* [Your goal]: Starting at the line with "Lighthouse reflecting into", return every line through the final one of the data, word for word. Pictures stay out.

* [Information shown]:
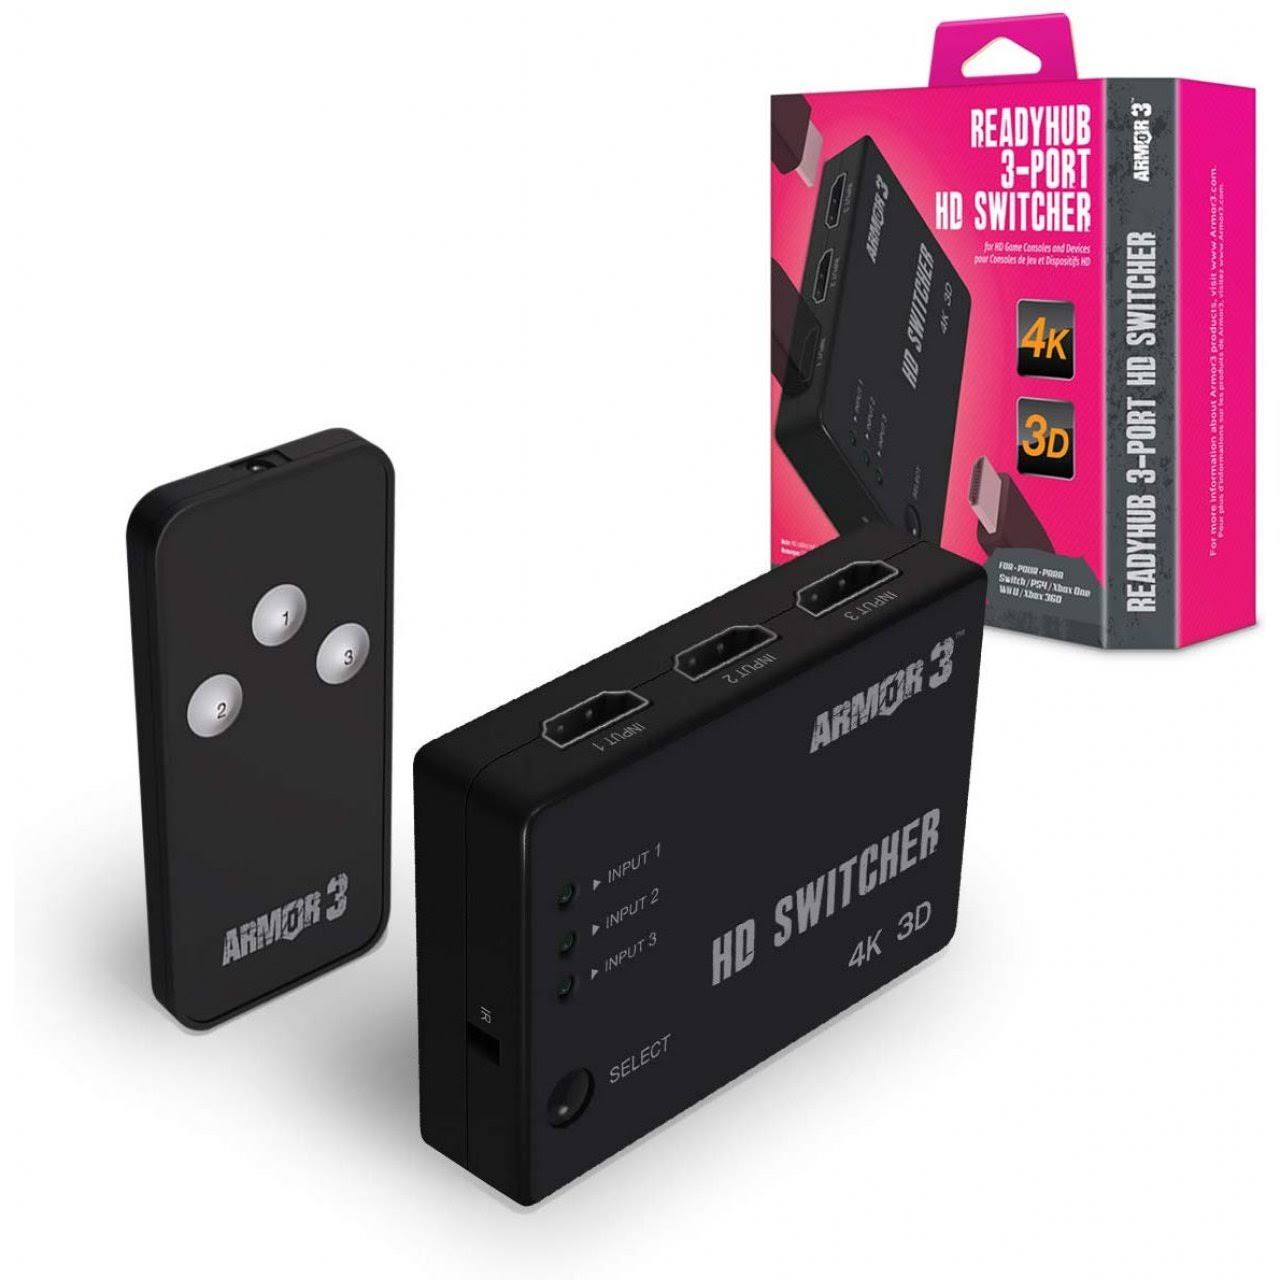 Armor3 ReadyHub 3-Port HD Switcher for HD Game Consoles and Devices
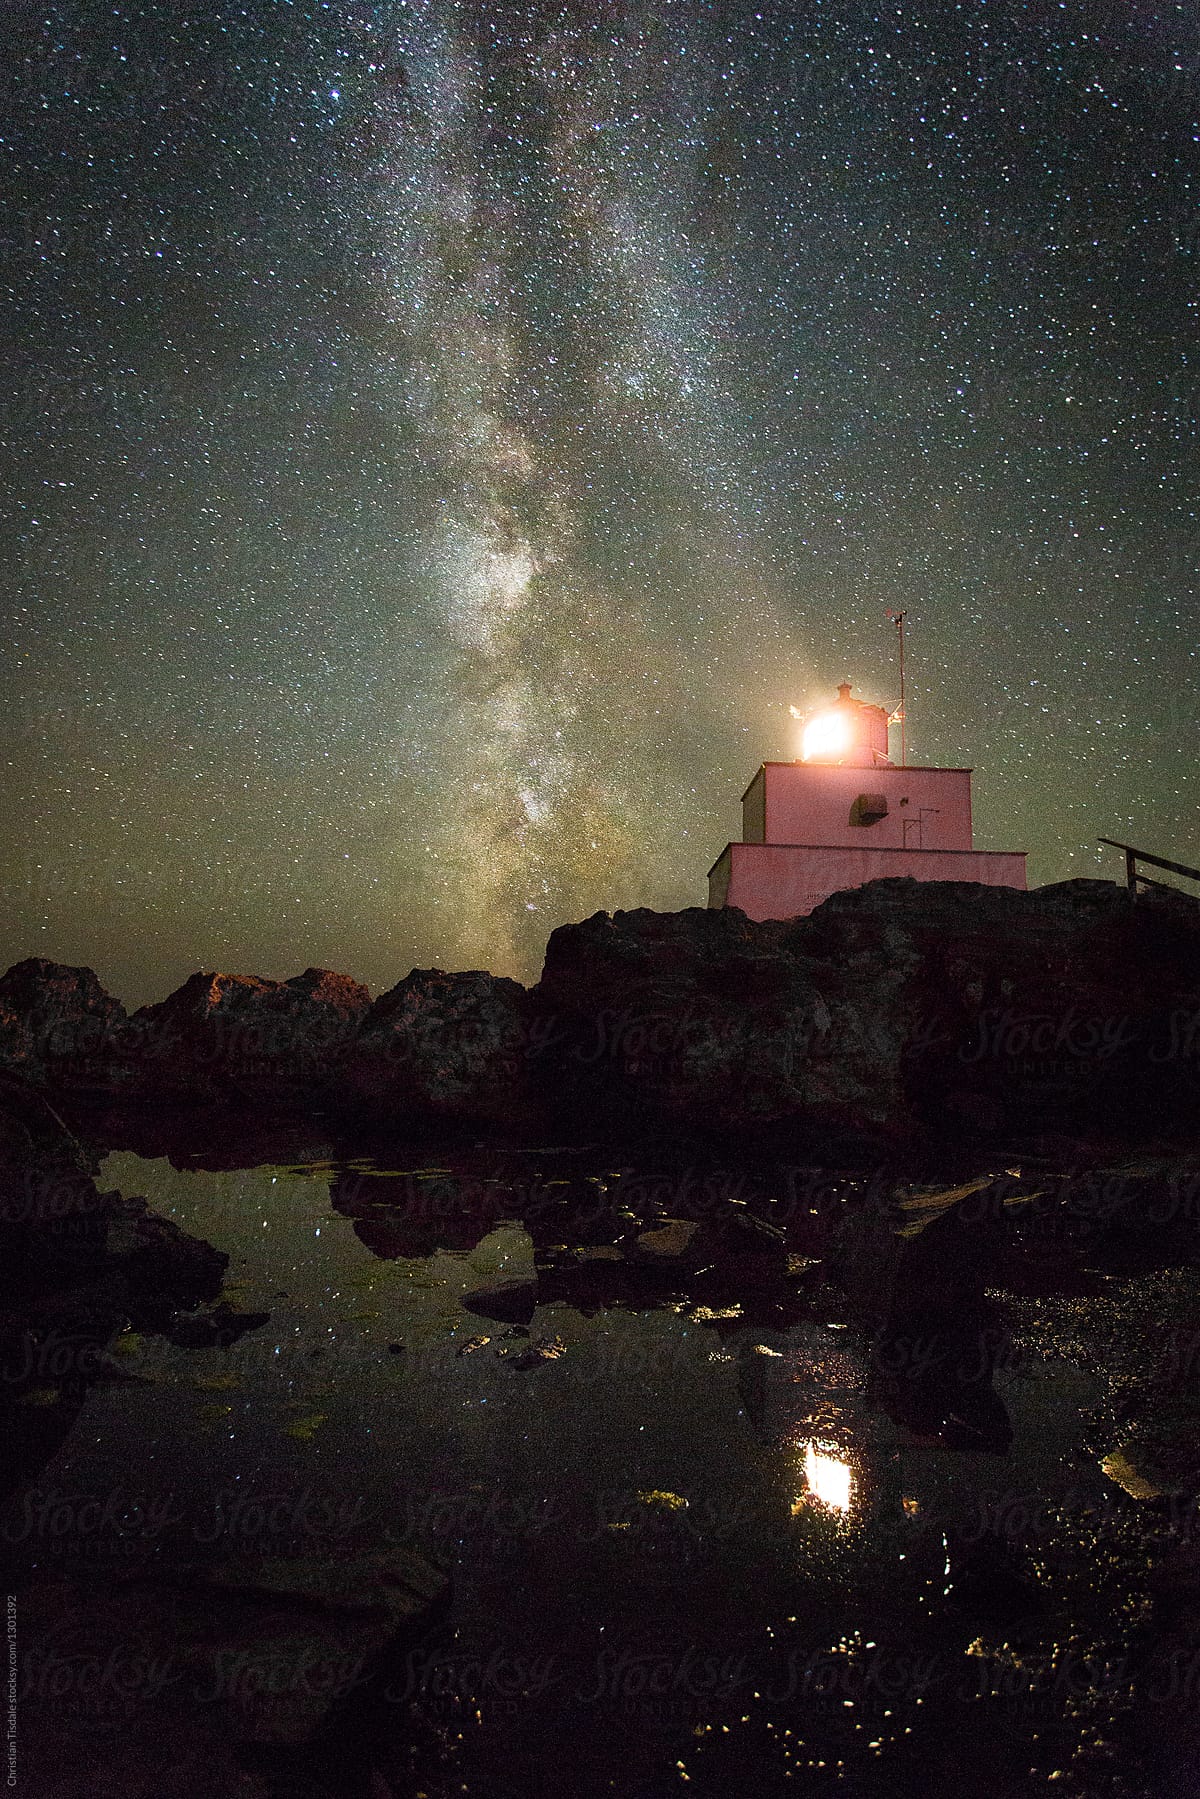 Lighthouse reflecting into a tidal pool with the Milky Way rising up behind it
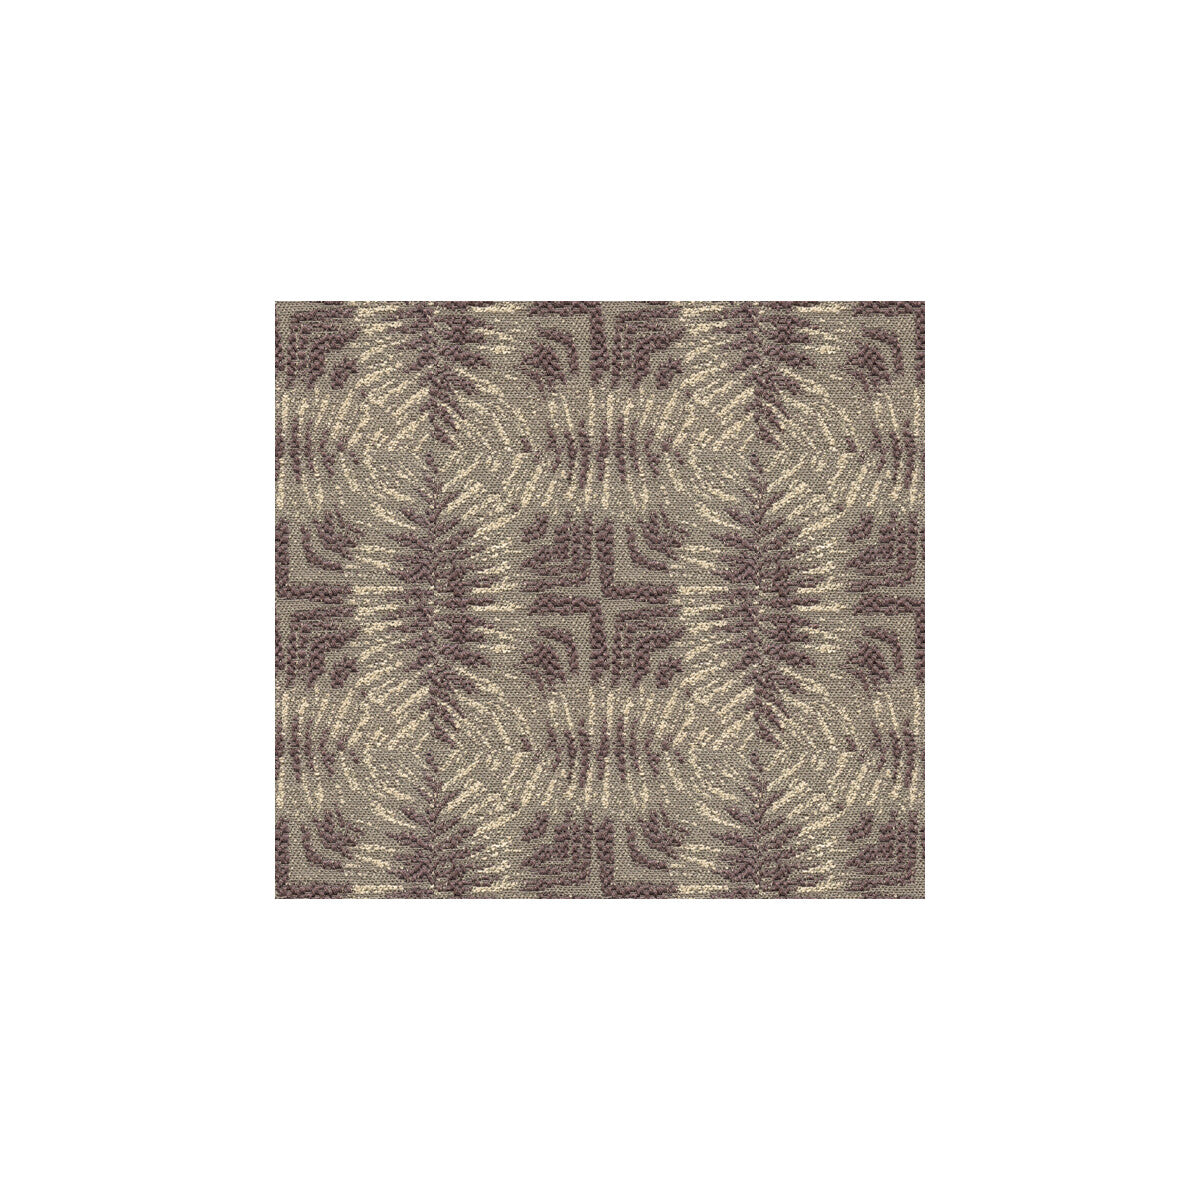 Calypso fabric in mauve color - pattern GWF-3204.10.0 - by Lee Jofa Modern in the Allegra Hicks Islands collection
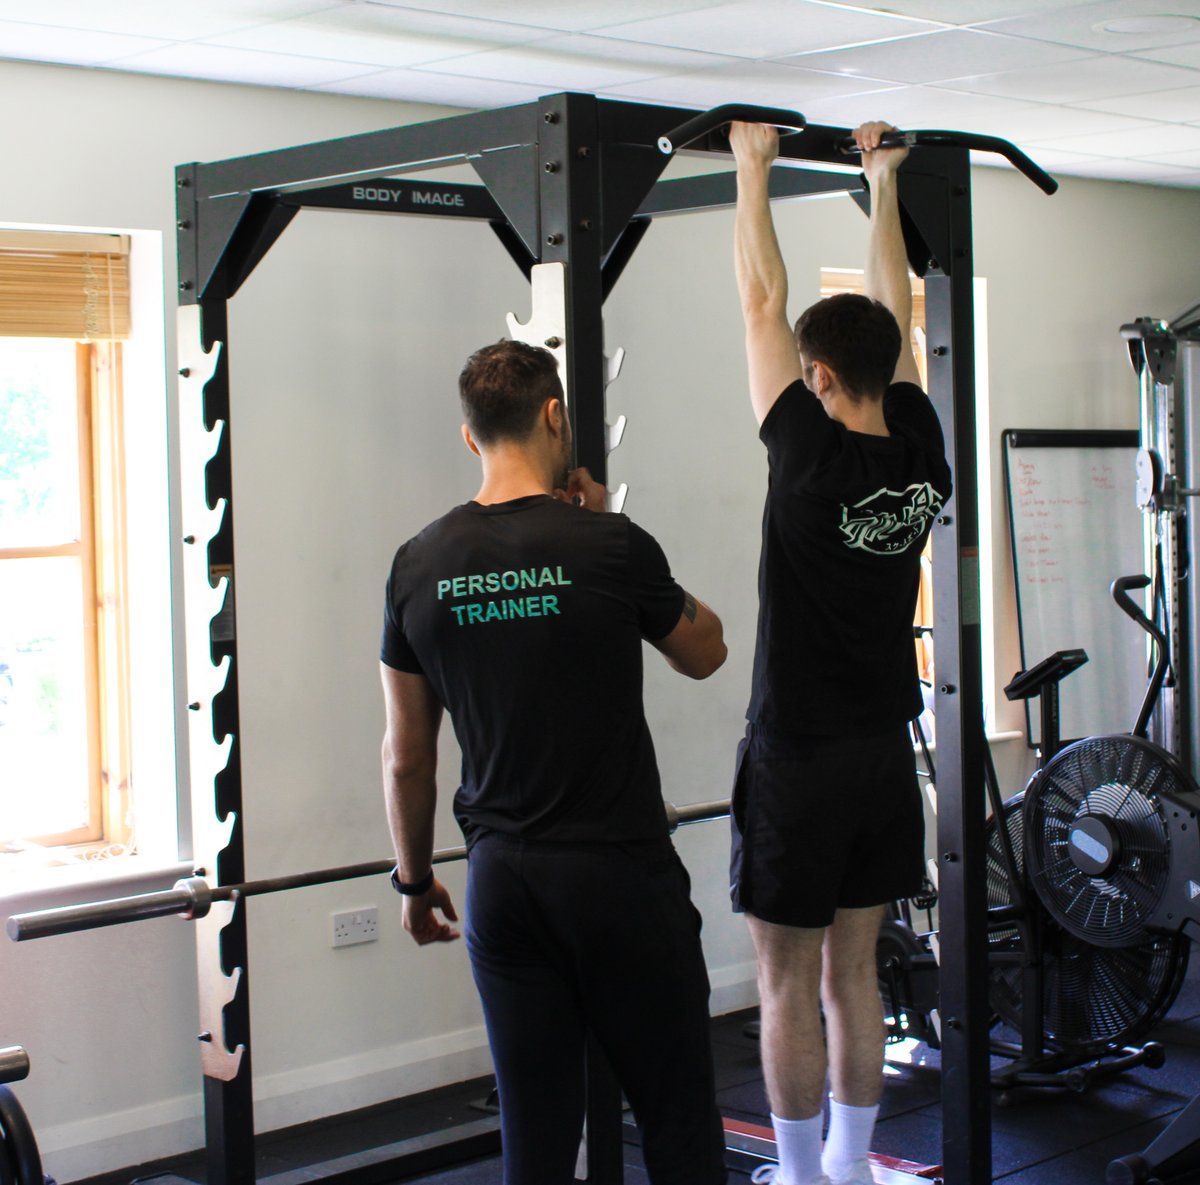 💪| Personal Training Tailored fitness plans for your unique journey. Our personal trainers at Fota Island Fitness customise coaching to your body, goals, and expertise. 🏋️‍♂️✨ Learn more fotaisland.ie/fota-fitness/ #fotaislandfitness #ptcork #cork

* [Response area]:
 Lighthouse reflecting into a tidal pool with the Milky Way rising up behind it
 Calypso fabric in mauve color - pattern GWF-3204.10.0 - by Lee Jofa Modern in the Allegra Hicks Islands collection
 💪| Personal Training Tailored fitness plans for your unique journey. Our personal trainers at Fota Island Fitness customise coaching to your body, goals, and expertise. 🏋️‍♂️✨ Learn more fotaisland.ie/fota-fitness/ #fotaislandfitness #ptcork #cork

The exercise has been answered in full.